# How does one check available space left on drive?



## Lord Vader (Aug 30, 2004)

I know one can use TWP to check disk usage and percentage and all, but wasn't there a TIVO shortcut code of some sort that allows one to see on the TV screen just how much recording space remains available on the TIVO unit? I'm referring here to DSR7000s and HDVR2s all running 6.2 and Zippered/tweaked, if that matters at all.


----------



## Da Goon (Oct 22, 2006)

A quick search turned this up : http://www.tivocommunity.com/tivo-vb/showthread.php?t=153732&page=1&pp=30
But it appears to be only for S1 tivos.


----------



## Lord Vader (Aug 30, 2004)

Yeah, I found something similar but couldn't find anything related to S2 DTIVOs.


----------



## classicsat (Feb 18, 2004)

TMK, there is no code for a pre 7.x Series 2. The nearest thing would be to use the Suggestions folder to guage free space.


----------



## vMAC (Aug 5, 2006)

Or install TWP you can find out available space with the System Module


----------



## Lord Vader (Aug 30, 2004)

vMAC, I understand the TWP part, which I've explained to my friend. He had asked me if there was a way to tell on his screen. BTW, both units are running 6.2.


----------



## Finnstang (Sep 11, 2003)

No way to tell on screen as others have already said.


----------



## Lord Vader (Aug 30, 2004)

OK, no big deal. He'll have to be content to tell via TWP.


----------



## vMAC (Aug 5, 2006)

Or create a out2osd command that would run every day at a certain time and tell him his space available? I don't know talking out my *** right now.


----------



## Finnstang (Sep 11, 2003)

vMAC said:


> Or create a out2osd command that would run every day at a certain time and tell him his space available? I don't know talking out my *** right now.

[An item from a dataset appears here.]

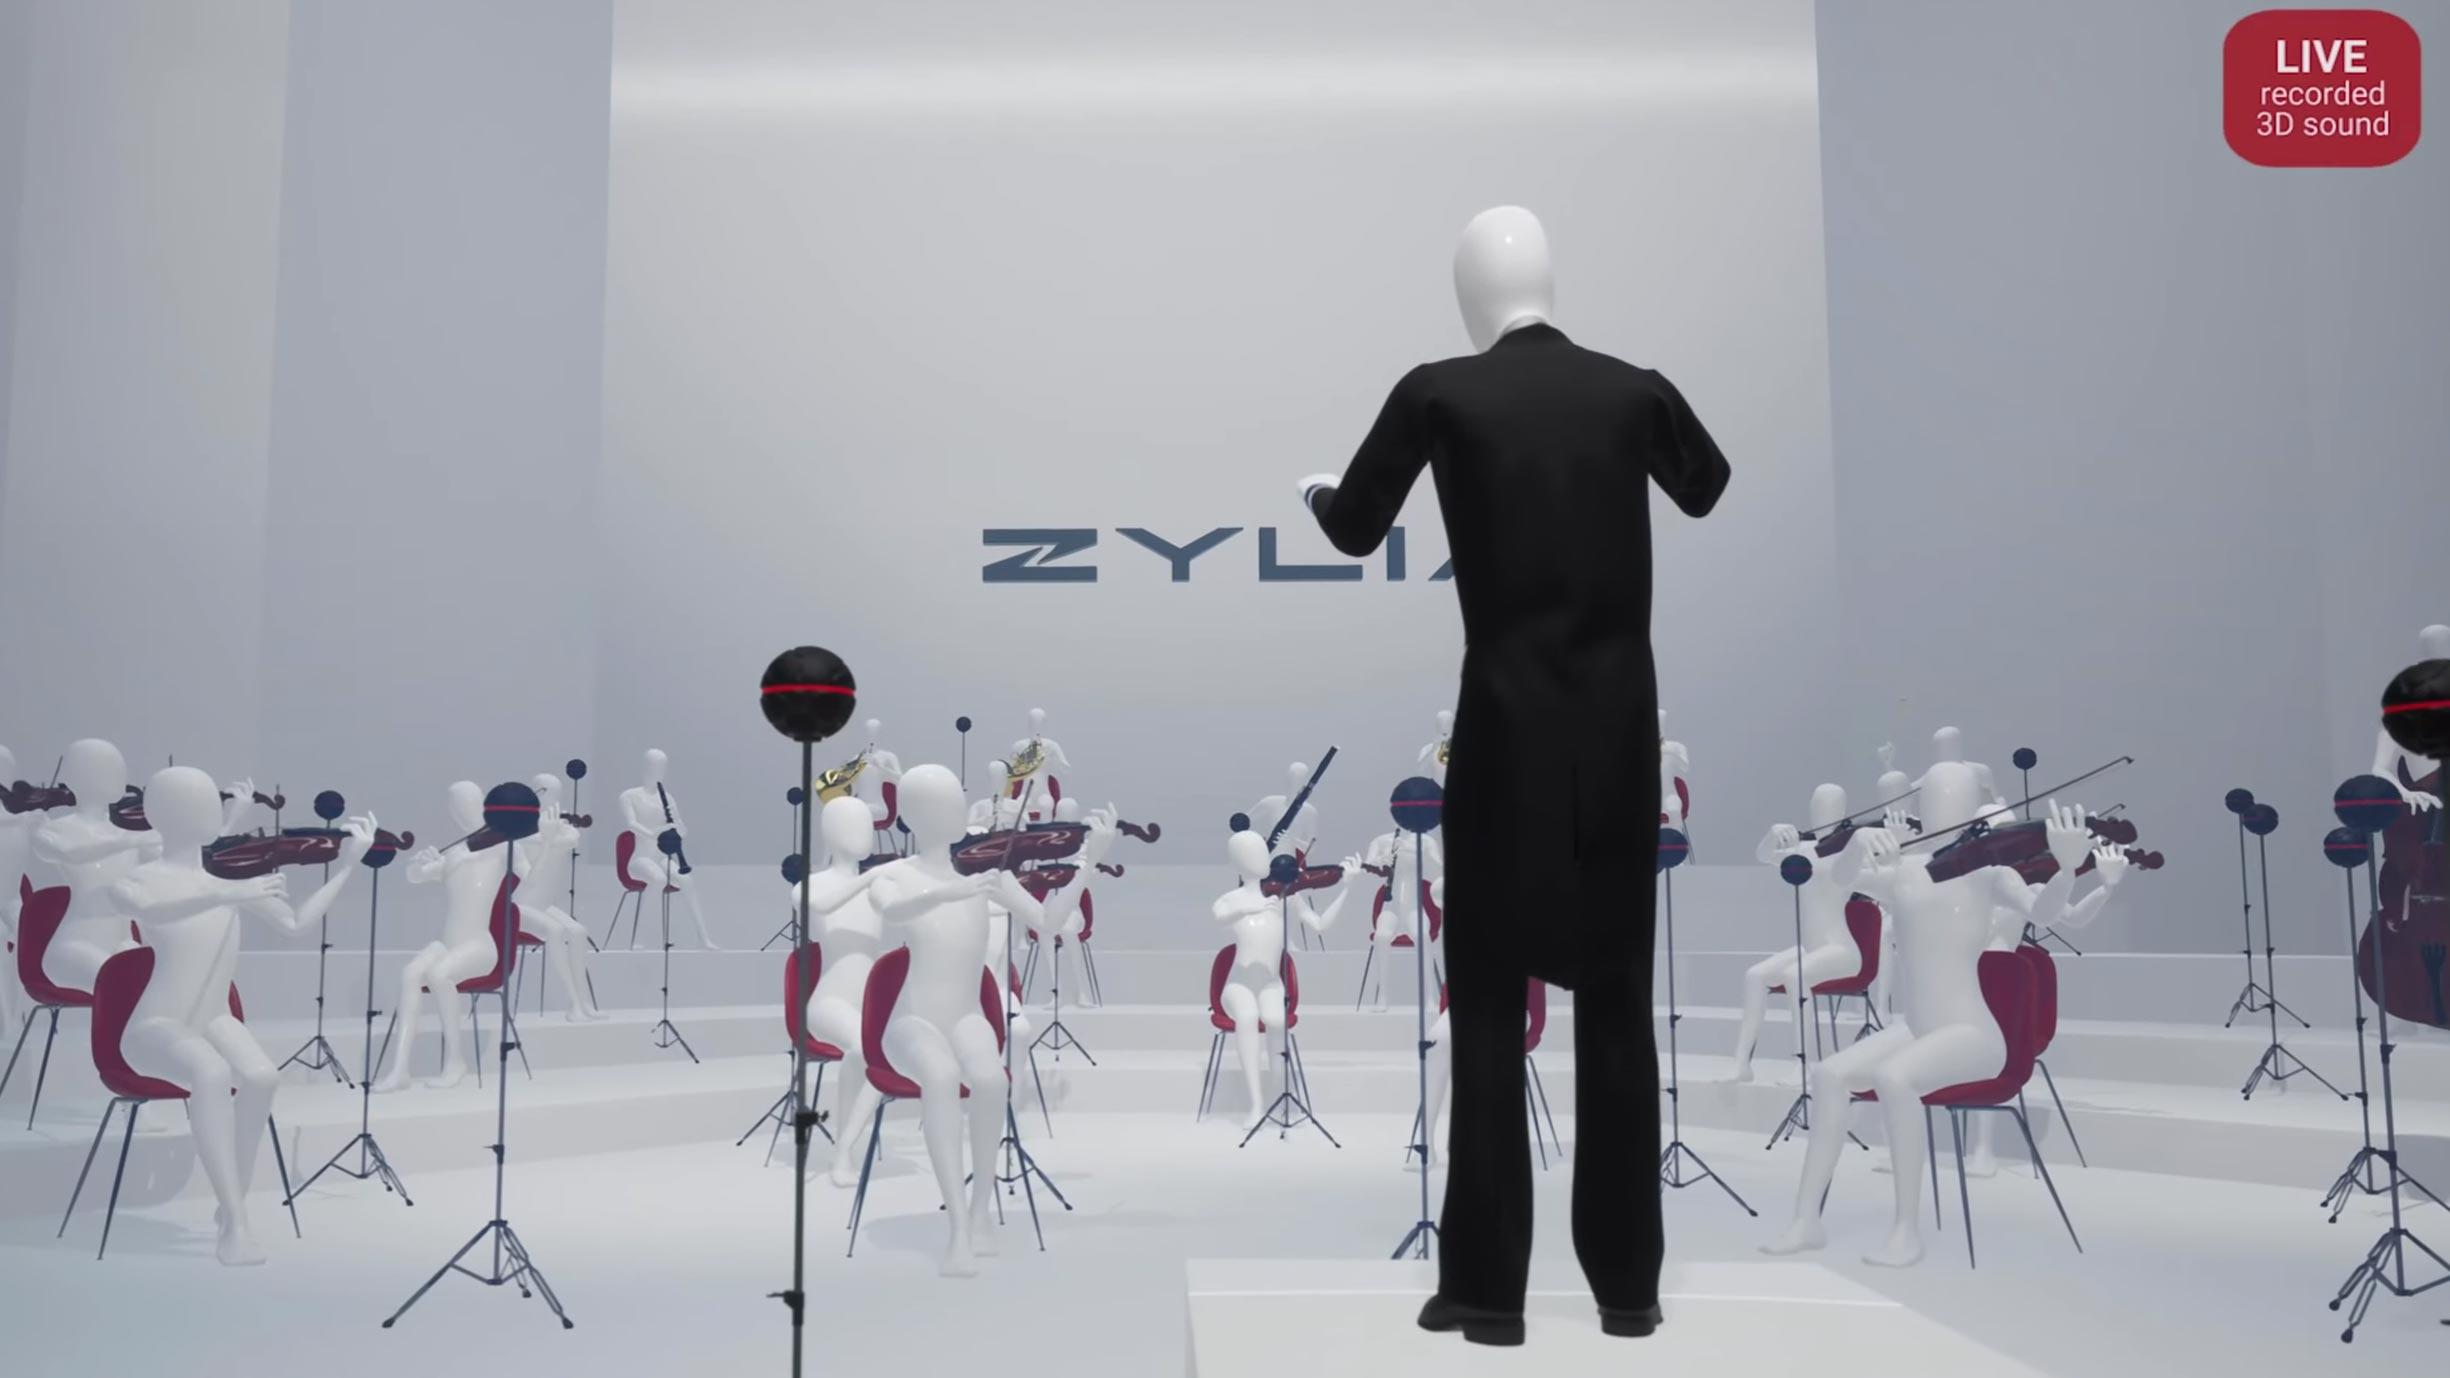 Zylia navigable audio system: a 3D sound experience

rbautch had written a script at one time to display the time in the corner of the screen all the time. Maybe modify that to display space left.


----------



## Lord Vader (Aug 30, 2004)

Or better yet, tell my lazy ass buddy to check via TWP.


----------



## f0gax (Aug 8, 2002)

I'm impressed. I figured this would devolve into an FSI flame-war.


----------